Hey, every casual conversation doesn't have to be about politics, you know.

Speaking of which, did you catch this beauty from Bill Maher on the allegation in the book that Sarah Palin did cocaine?  Maher said, “Sarah Palin doing cocaine? That’s ridiculous. That stuff can make you yammer like an imbecile.”

Ok, stay focused here. Adolescent behavior. No, for the final time, this post on adolescent behavior is not about Palin :)

One of the typical adolescent attitude is towards risk--they seem to care less about actions that we older folks might think are way too risky.  

Teens take more risks not because they don't understand the dangers but because they weigh risk versus reward differently: In situations where risk can get them something they want, they value the reward more heavily than adults do.

Interesting.  I had always worked with the assumption that the teenage behavior is framed by the context of inadequate information about the risks.  But, if they are aware of the risks, at levels comparable to adult understanding, then it has tremendous implications for public policies too, right?  Ok, I am getting ahead of myself.  The researchers add:


"They didn't take more chances because they suddenly downgraded the risk," says Steinberg. "They did so because they gave more weight to the payoff."
Researchers such as Steinberg and Casey believe this risk-friendly weighing of cost versus reward has been selected for because, over the course of human evolution, the willingness to take risks during this period of life has granted an adaptive edge. Succeeding often requires moving out of the home and into less secure situations. "The more you seek novelty and take risks," says Baird, "the better you do." This responsiveness to reward thus works like the desire for new sensation: It gets you out of the house and into new turf.

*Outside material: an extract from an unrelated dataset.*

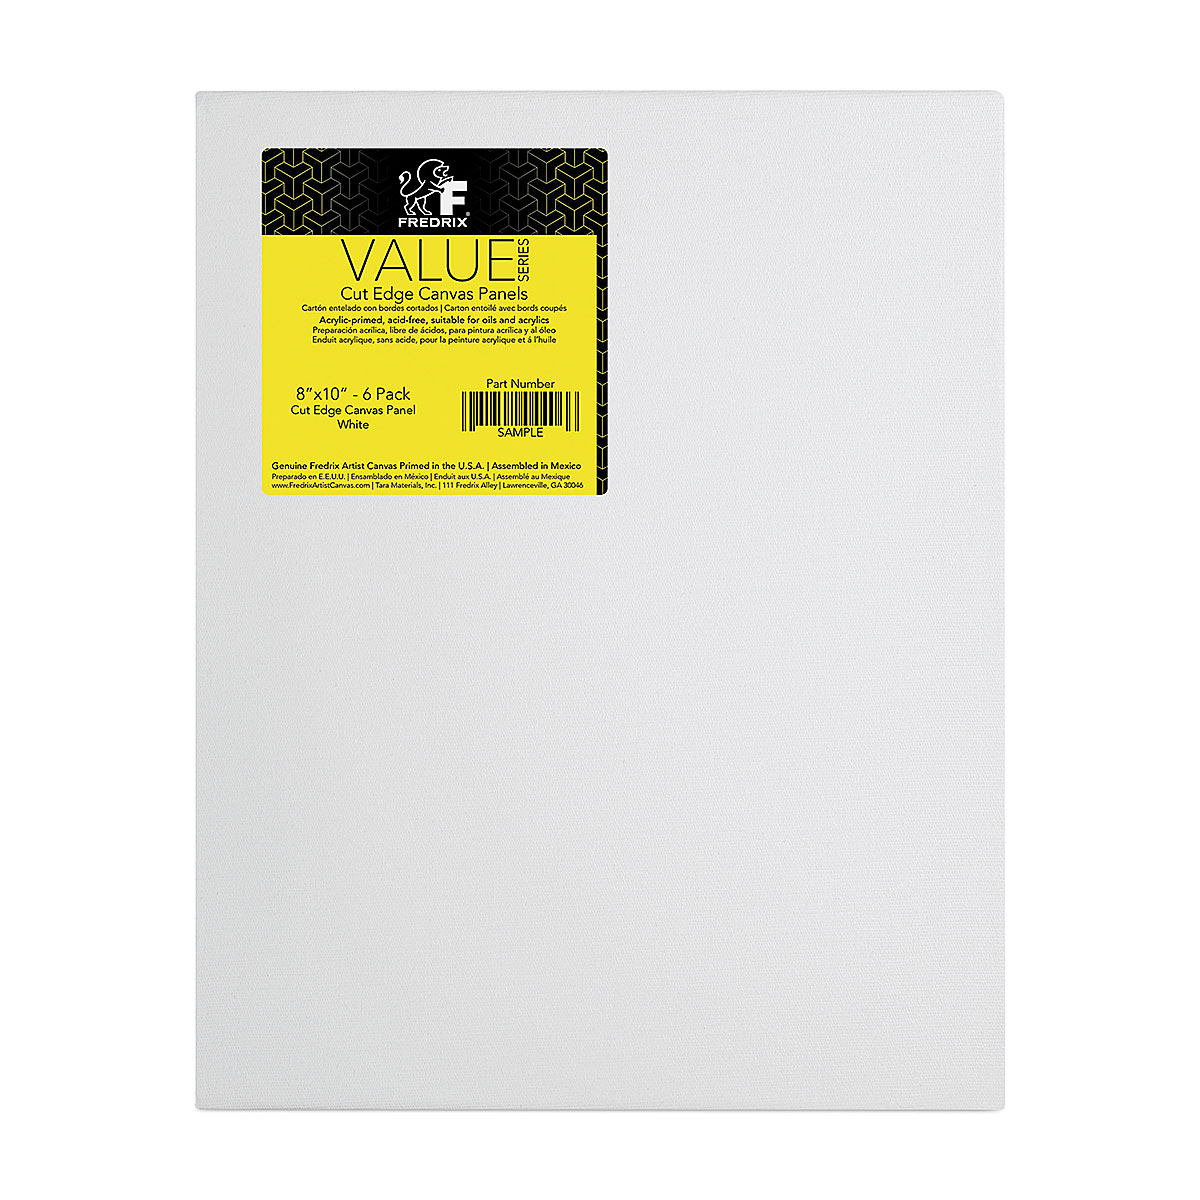 Fredrix Warp Resistant Canvas Panels 11 X 14 In Pack Of 3

Risks and the high that comes from novelty, which are further enhanced in the company of peers.  Gets them out of the parents' shadows:

The move outward from home is the most difficult thing that humans do, as well as the most critical—not just for individuals but for a species that has shown an unmatched ability to master challenging new environments. In scientific terms, teenagers can be a pain in the ass. But they are quite possibly the most fully, crucially adaptive human beings around. Without them, humanity might not have so readily spread across the globe.

A painful aspect in parenting.  But, a critical part of the remarkable success we humans have had as a species.

Hmmm ... so, "S" and I were really on to something in that casual chat; maybe I should forward this to him.

Thursday, March 11, 2010

Toyota recall: much ado about nothing?

The deaths and various levels of unfortunate experiences are horrible, indeed.  There is no denying that.

But, are we over, over emphasizing the risks associated with this?  Robert Wright, always the sober and rational person, writes:
it worries me that this Toyota thing worries us so much. We live in a world where responding irrationally to risk (say, the risk of a terrorist attack) can lead us to make mistakes (say, invading Iraq). So the Toyota story is a kind of test of our terrorism-fighting capacity — our ability to keep our wits about us when things seem spooky.
Passing the test depends on lots of things. It depends on politicians resisting the temptation to score cheap points via the exploitation of irrational fear. It depends on journalists doing the same. And it depends on Americans in general keeping cool, notwithstanding the likely failure of many politicians and journalists to do their part.
Wright correctly points out that the odds of dying from a car-related accident are much, much higher:
your chances of being involved in a fatal accident over the next two years because of the unfixed problem are a bit worse than one in a million — 2.8 in a million, to be more exact. Meanwhile, your chances of being killed in a car accident during the next two years just by virtue of being an American are one in 5,244.

So driving one of these suspect Toyotas raises your chances of dying in a car crash over the next two years from .01907 percent (that’s 19 one-thousandths of 1 percent, when rounded off) to .01935 percent (also 19 one-thousandths of one percent)

One of the best comments to Wright's piece is this:
Nobody understands risk. Smokers will complain about the dangers of Toyota software.